Kasus di Cilacap bukan kali pertama, sebelumnya di Kota Semarang juga terjadi kasus serupa.
Plt Kepala Disdik Kota Semarang, Bambang Pramusinto mengatakan aksi perundungan harus bisa dicegah. Ini menjadi persoalan yang harus mendapatkan penanganan serius.
“Kami mewajibkan setiap sekolah di Kota Semarang menjalankan dan menyuarakan gerakan anti-bullying. Maka Kota Semarang memiliki inovasi Gerakan Bersama Sekolah Semarang Peduli dan Tanggap Bullying (Geber Septi) untuk mencegah aksi perundungan,” katanya, Rabu (4/9/2023).
Dikatakannya, sekolah wajib menanamkan nilai-nilai persatuan melalui Project Penguatan Profil Pelajar Pancasila (P5). Menurutnya, ini juga salah satu upaya untuk mengantisipasi terjadinya perundungan antar-siswa.
“Pelajar wajib diberi pemahaman agar tidak nekat melakukan bullying dan merundung siswa lainnya, karena itu bisa menjadi ranah hukum. Sebab, sekolah harus menjadi tempat yang nyaman dan aman,” katanya.
Menurutnya, sekolah tidak hanya menjadi tempat menempa akademik saja, tetapi 30-40 persen harus bisa dimanfaatkan untuk mengexplore bakat anak-anak. “Termasuk membangun moral dan integritas peserta didik,” ujarnya.
Sekarang, lanjut dia, rapot pendidikan memuat tujuh elemen indikator yang harus dibangun, salah satunya integritas. “Kebijakan kurikulum merdeka ini sudah komprehensif. Akademis dibangun, karakter kebhinekaan juga dibangun,” ujarnya.
Selain itu, paguyuban orang tua atau wali siswa perlu aktif memantau kegiatan anaknya.

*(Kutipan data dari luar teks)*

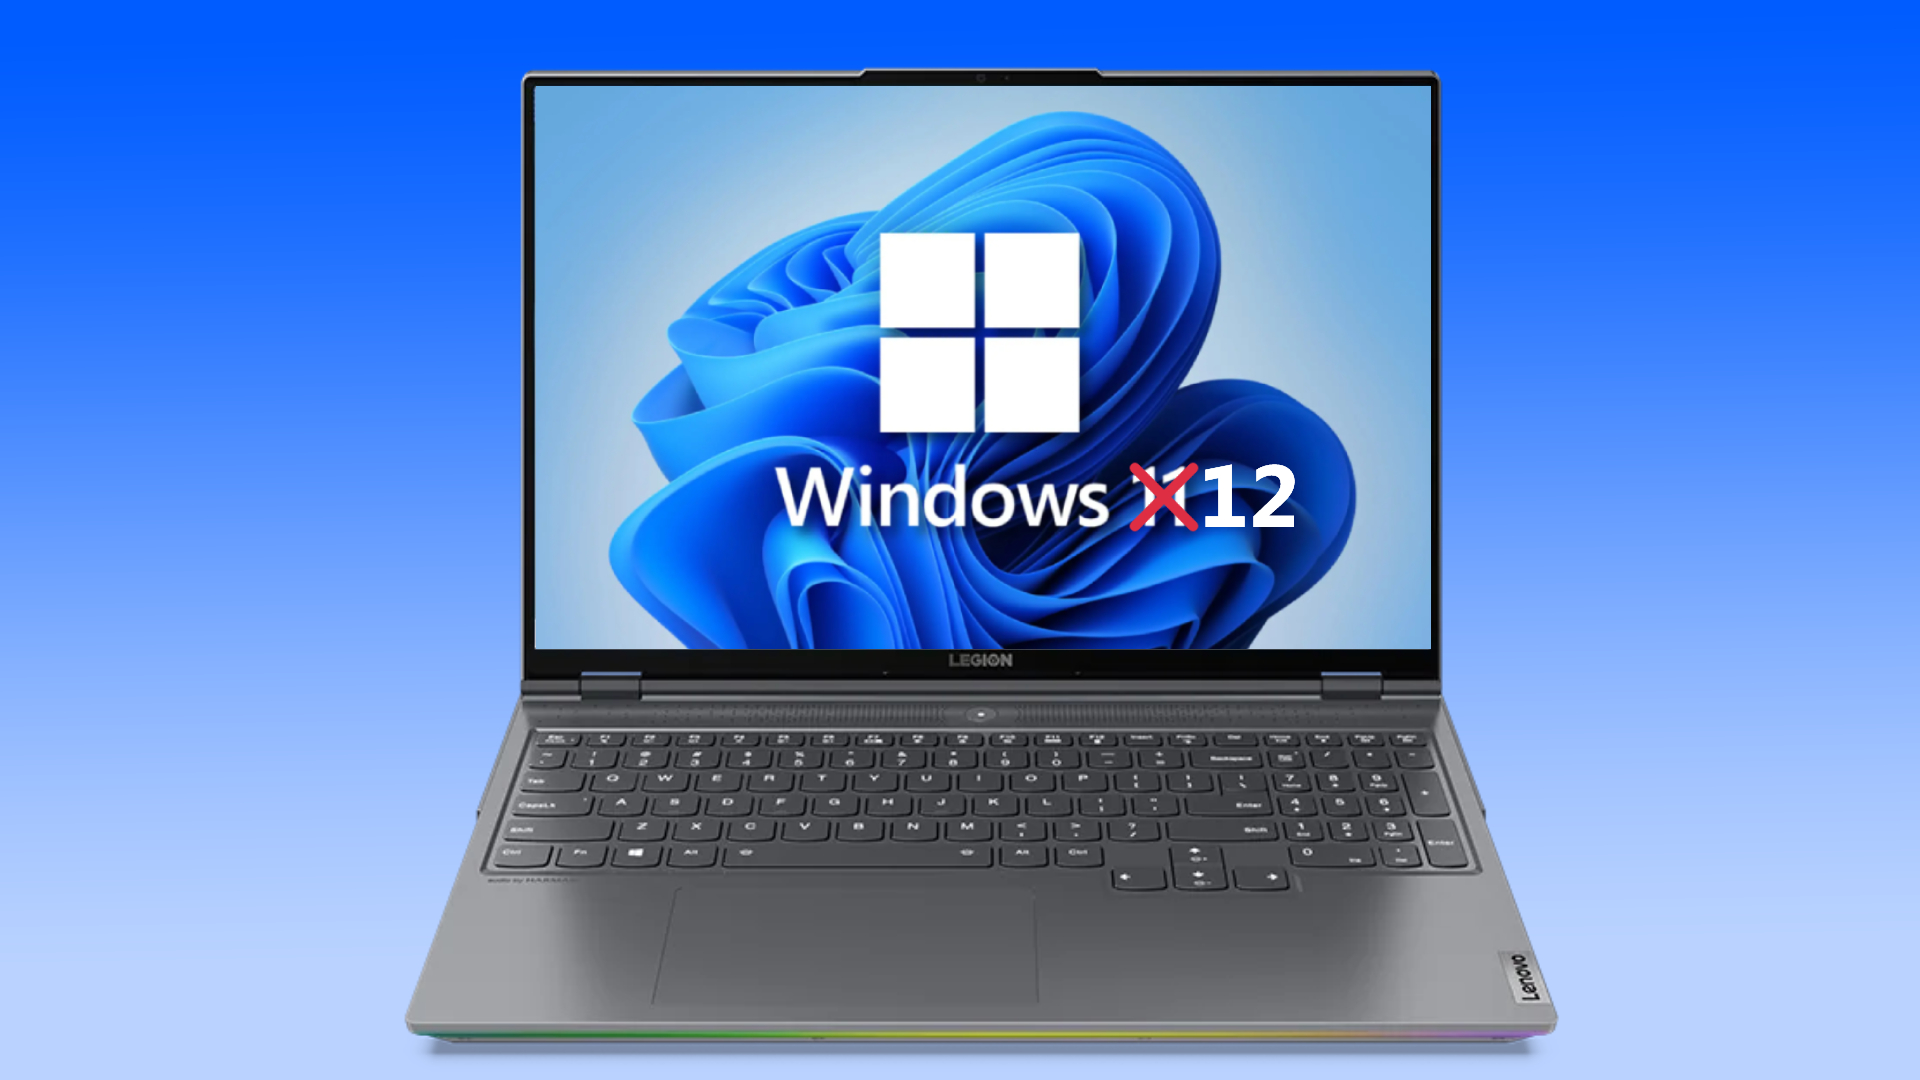 Forget Windows 11, Windows 12 is apparently releasing soon

Kolaborasi antara sekolah dengan Komite Sekolah untuk terus mengkampanyekan semangat anti-bullying.
“Kami mendorong media sosial yang dikelola setiap sekolah lebih aktif mengingatkan tentang bahaya perundungan,” katanya.
Wali Kota Semarang, Hevearita Gunaryanti Rahayu mengatakan Kota Semarang memiliki pengalaman menangani kasus perundungan atau bullying pelajar pada 2022 silam.

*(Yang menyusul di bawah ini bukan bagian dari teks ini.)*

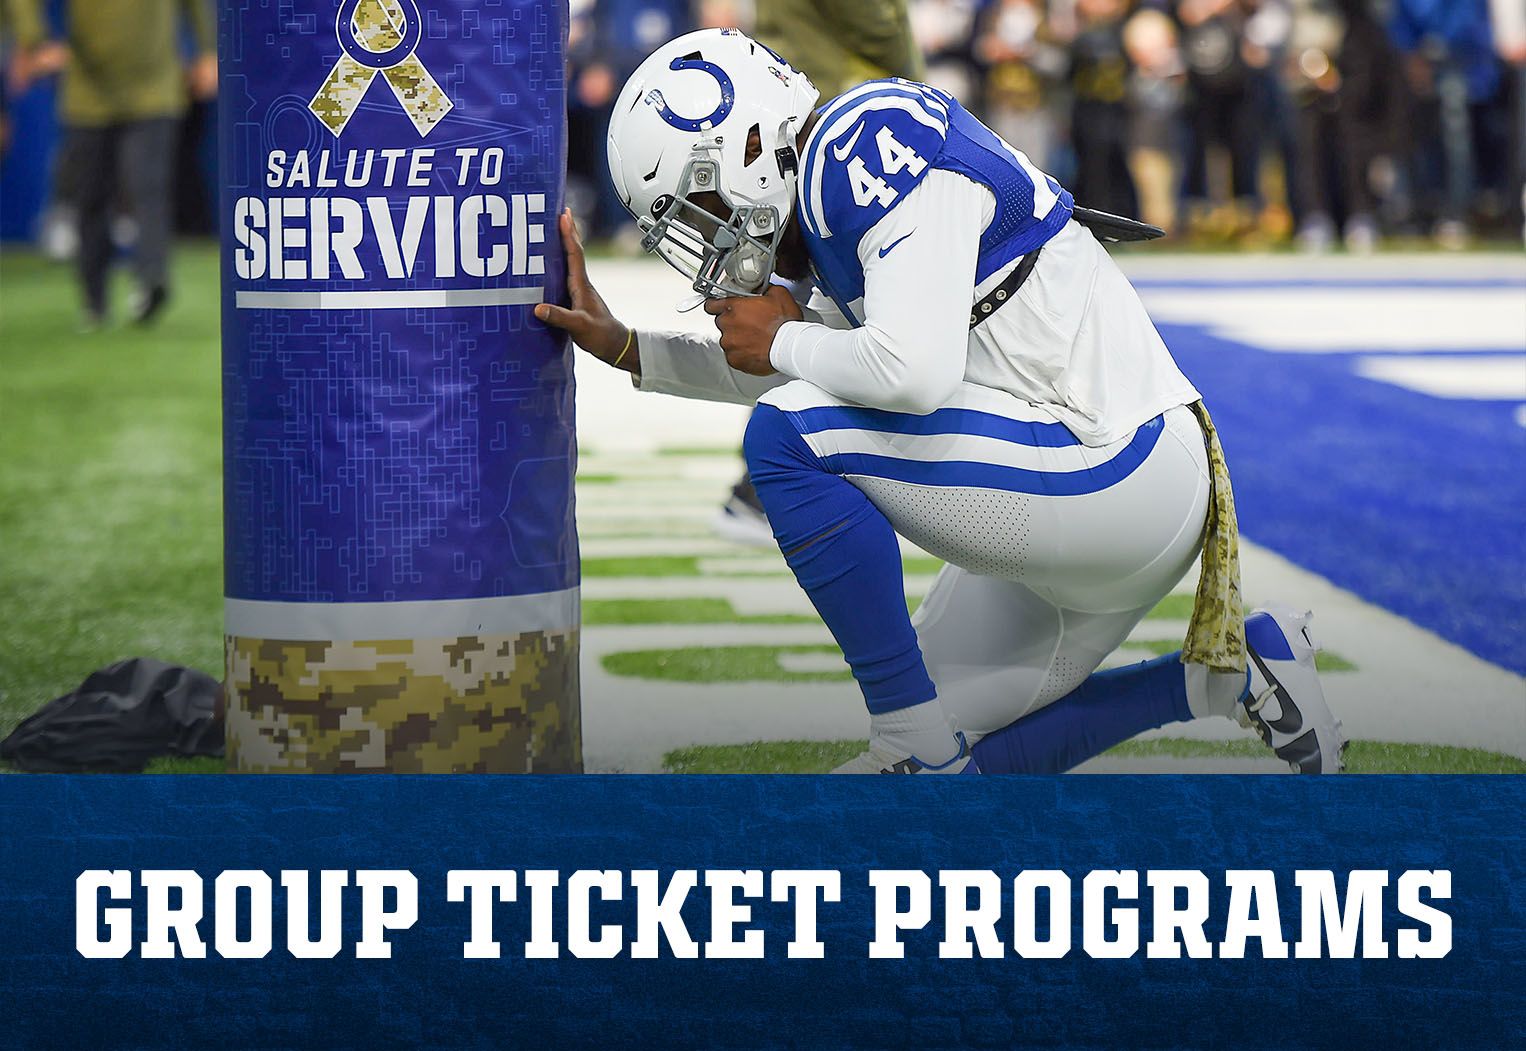 Here's how to get Colts tickets for $40

“Waktu itu, kami membuat RDRM (Rumah Duta Revolusi Mental), tim ini muter ke sekolah-sekolah,” tambah Mbak Ita.
Sekarang, Pemkot Semarang juga memiliki program Geber Septi atau Gerakan Bersama, Sekolah Semarang Peduli dan Tanggap Bullying di Kota Semarang.
“Alhamdulillah, sekarang sudah tidak ada kasus bullying,” ujarnya.

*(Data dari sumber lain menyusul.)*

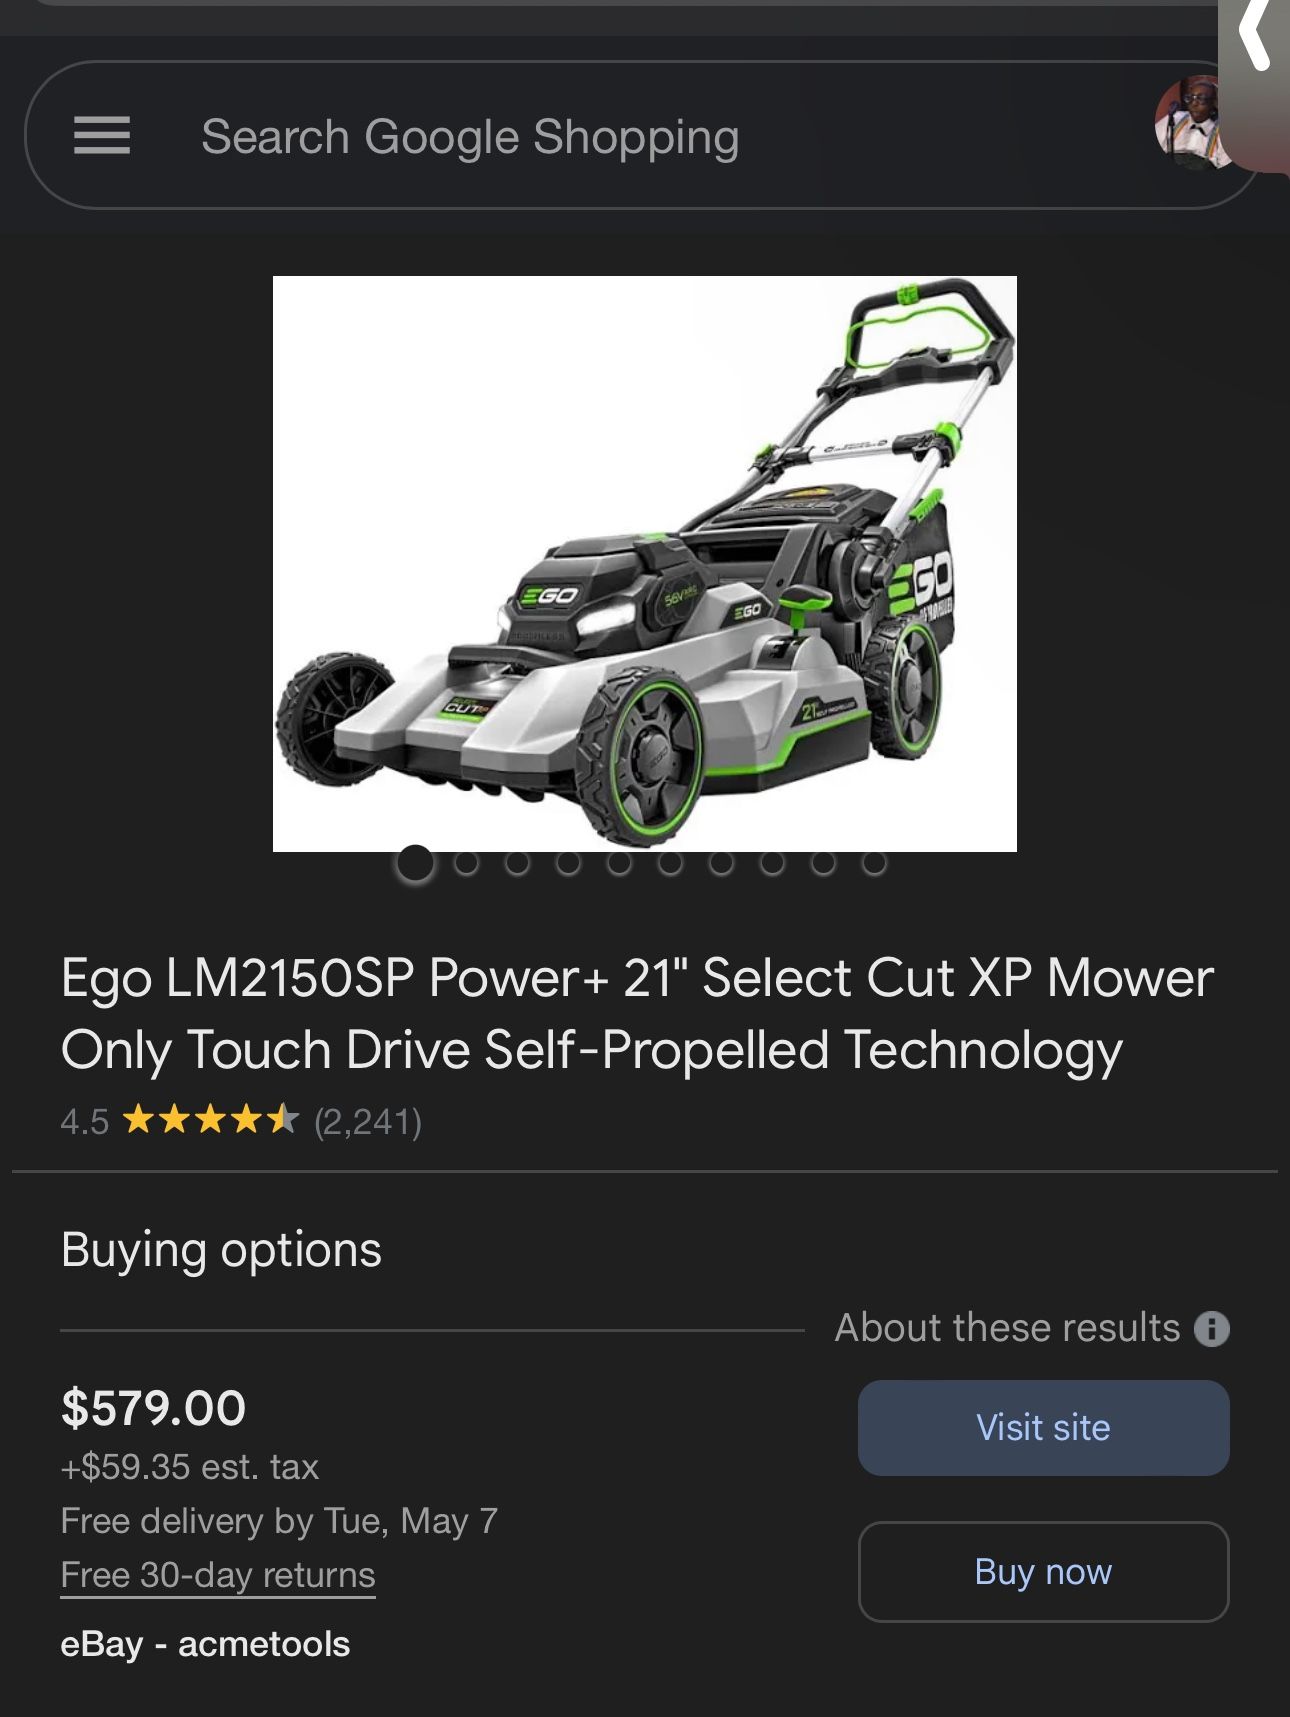 Ego LM2150SP Power+ 21" Select Cut XP Mower

Menurutnya, fenomena bullying yang mengarah ke tindakan kekerasan ini dipengaruhi banyak aspek. Mulai dari lingkungan pergaulan hingga pengaruh dengan tontonan atau tayangan di media sosial.
“Sekarang ini di era digital, mereka bisa melihat film atau konten hanya menggunakan gadget,” katanya.
Cara penanganannya, menurutnya, adalah dengan memaksimalkan kegiatan positif. “Kalau siswa sudah disibukkan dengan banyak kegiatan positif, maka mereka akan lupa dengan hal-hal negatif,” terangnya.
Saat ini projek P5 di Kota Semarang telah bergulir di 60 sekolah dari SD, SMP hingga SMA. “Kepala sekolah, guru harus mensupport. Kita tidak boleh lengah, karena kejadian serupa bisa saja terjadi di mana saja dan kapan saja,” katanya. (*)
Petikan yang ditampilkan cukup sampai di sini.